Note: This bug is displayed in read-only format because the product is no longer active in Red Hat Bugzilla.

Bug 1928851

Summary: manually creating NetNamespaces will break things and this is not obvious
Product: OpenShift Container Platform Reporter: Dan Winship <danw>
Component: NetworkingAssignee: Mohamed Mahmoud <mmahmoud>
Networking sub component: openshift-sdn QA Contact: zhaozhanqi <zzhao>
Status: CLOSED ERRATA Docs Contact:
Severity: medium    
Priority: medium CC: aconstan, astoycos, zzhao
Version: 4.8   
Target Milestone: ---   
Target Release: 4.8.0   
Hardware: Unspecified   
OS: Unspecified   
Whiteboard:
Fixed In Version: Doc Type: Bug Fix
Doc Text:
Cause: Users manually modify network namespaces in use by SDN. Consequence: If this namespace is already in use by network policy, the network policy behavior will be changed causing undesired behaviors. Fix: While customers are discouraged from manually modifying namespaces in general, the code has been updated to prevent such behavior from corrupting deployed network policies and log a warning with this happens. Result: test shows the warning has been logged and network policy behavior hasn't been changed.
Story Points: ---
Clone Of: Environment:
Last Closed: 2021-07-27 22:44:45 UTC Type: Bug
Regression: --- Mount Type: ---
Documentation: --- CRM:
Verified Versions: Category: ---
oVirt Team: --- RHEL 7.3 requirements from Atomic Host:
Cloudforms Team: --- Target Upstream Version:
Embargoed:

Description Dan Winship 2021-02-15 16:32:44 UTC
In bug 1905196 the customer ran into problems because they had manually created NetNamespace objects, resulting in conflicting NetIDs (in particular, multiple NetID 0 namespaces, because they hadn't bothered to manually assign a NetID), resulting in undefined behavior since conflicting NetIDs aren't allowed in NetworkPolicy mode.

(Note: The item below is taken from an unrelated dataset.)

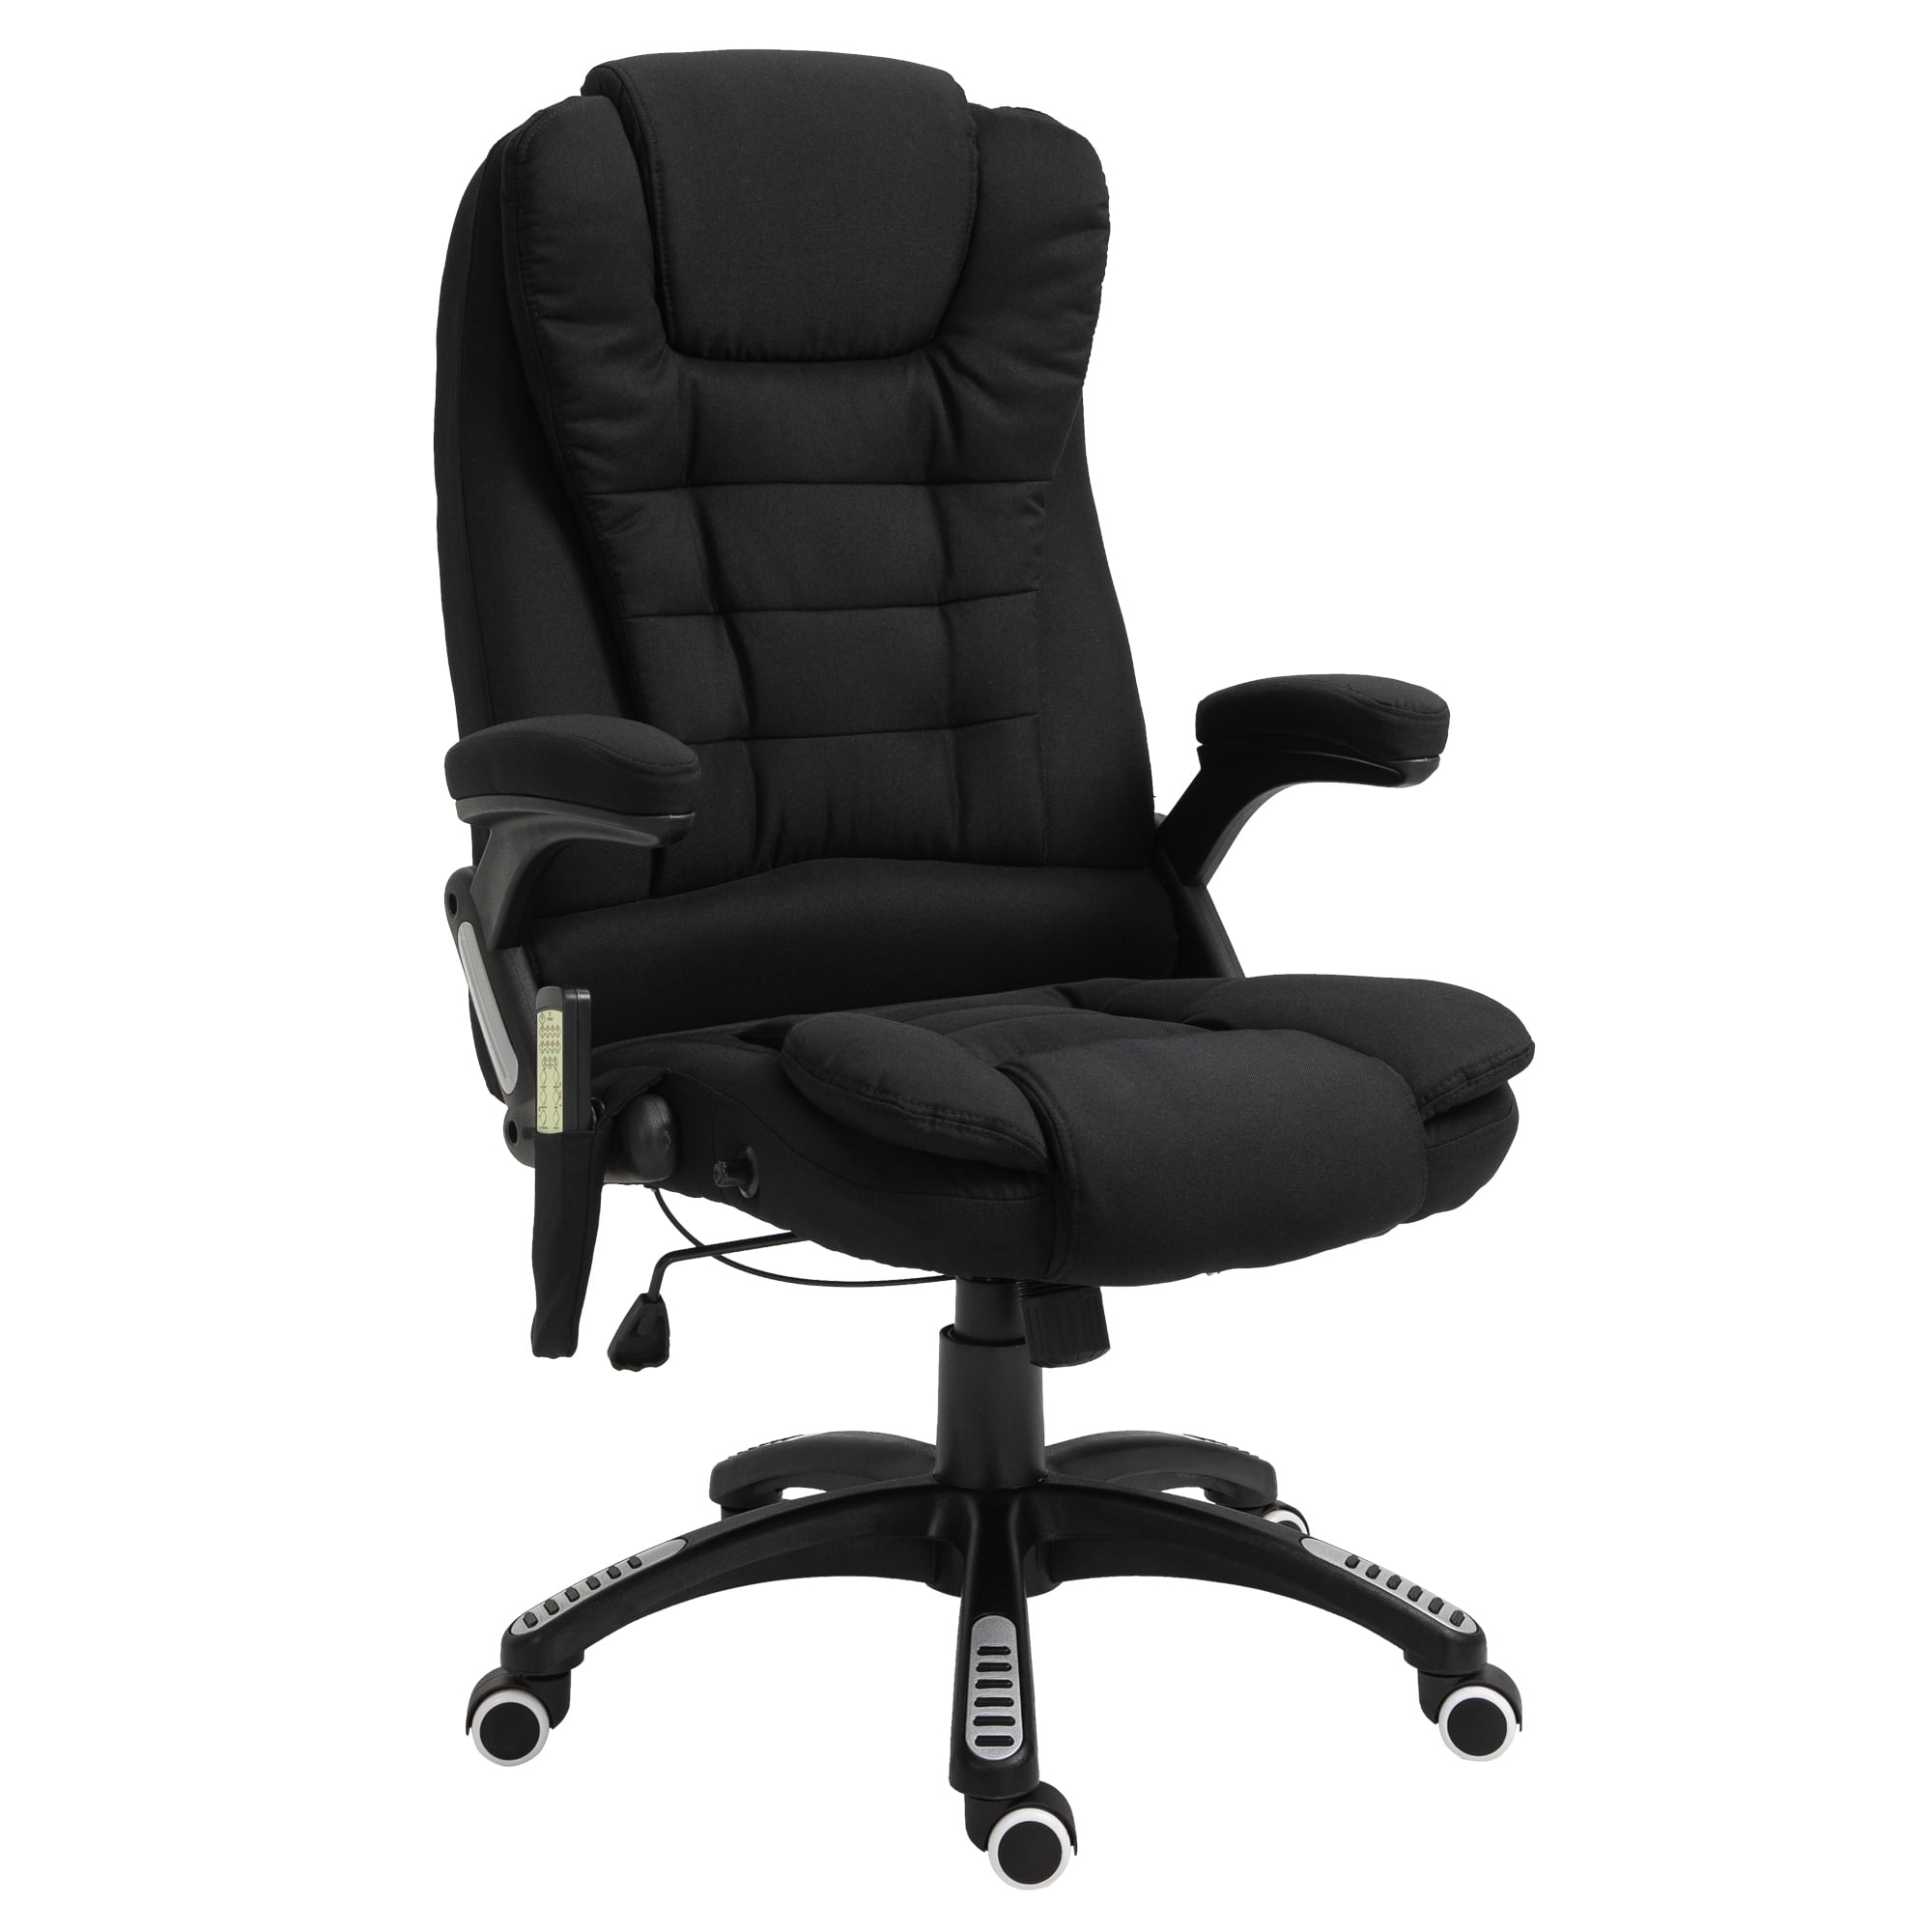 Vinsetto Ergonomic Vibrating Massage Office Chair High Back Executive Chair With Lumbar Support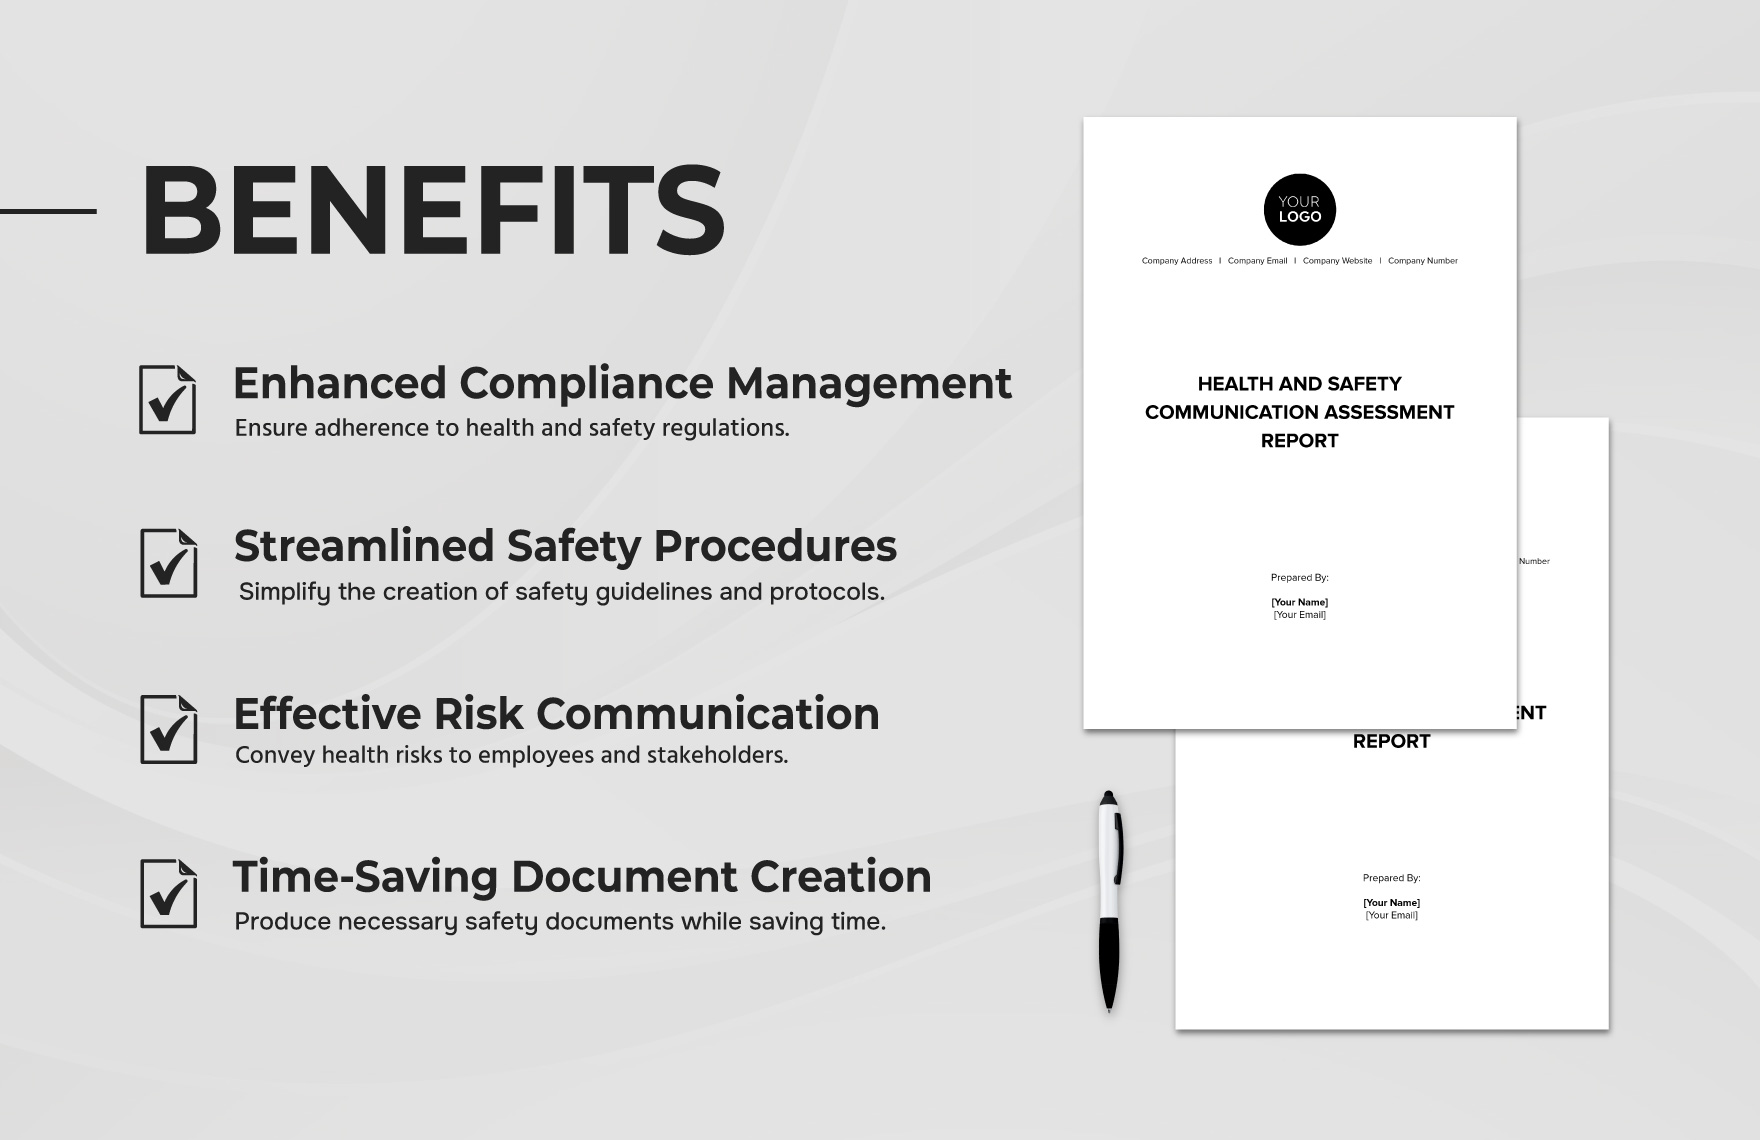 Health Safety Communication Assessment Report Template

(They were manually creating NetNamespaces because they wanted to set an egress IP for a newly-created project. The fix here is to create the project, then wait for openshift-sdn to create the NetNamespace, then modify the NetNamespace, rather than creating the NetNamespace yourself. But there is nothing in the documentation that suggests that this should be necessary.)

Note that if you manually create a NetNamespace and manually assign it an unused NetID, then things will appear to work, but sdn-controller won't actually observe the new NetID assignment, and so could in theory later assign that same NetID to another namespace. Also, you could manually assign a NetID in the "reserved" range (0-10) which could cause unexpected conflicts if we use another one of those IDs for internal purposes later.

So...

1. If we're keeping the current semantics, then the Egress IP docs need to make it clear that you can only _modify_ NetNamespaces, not _create_ them.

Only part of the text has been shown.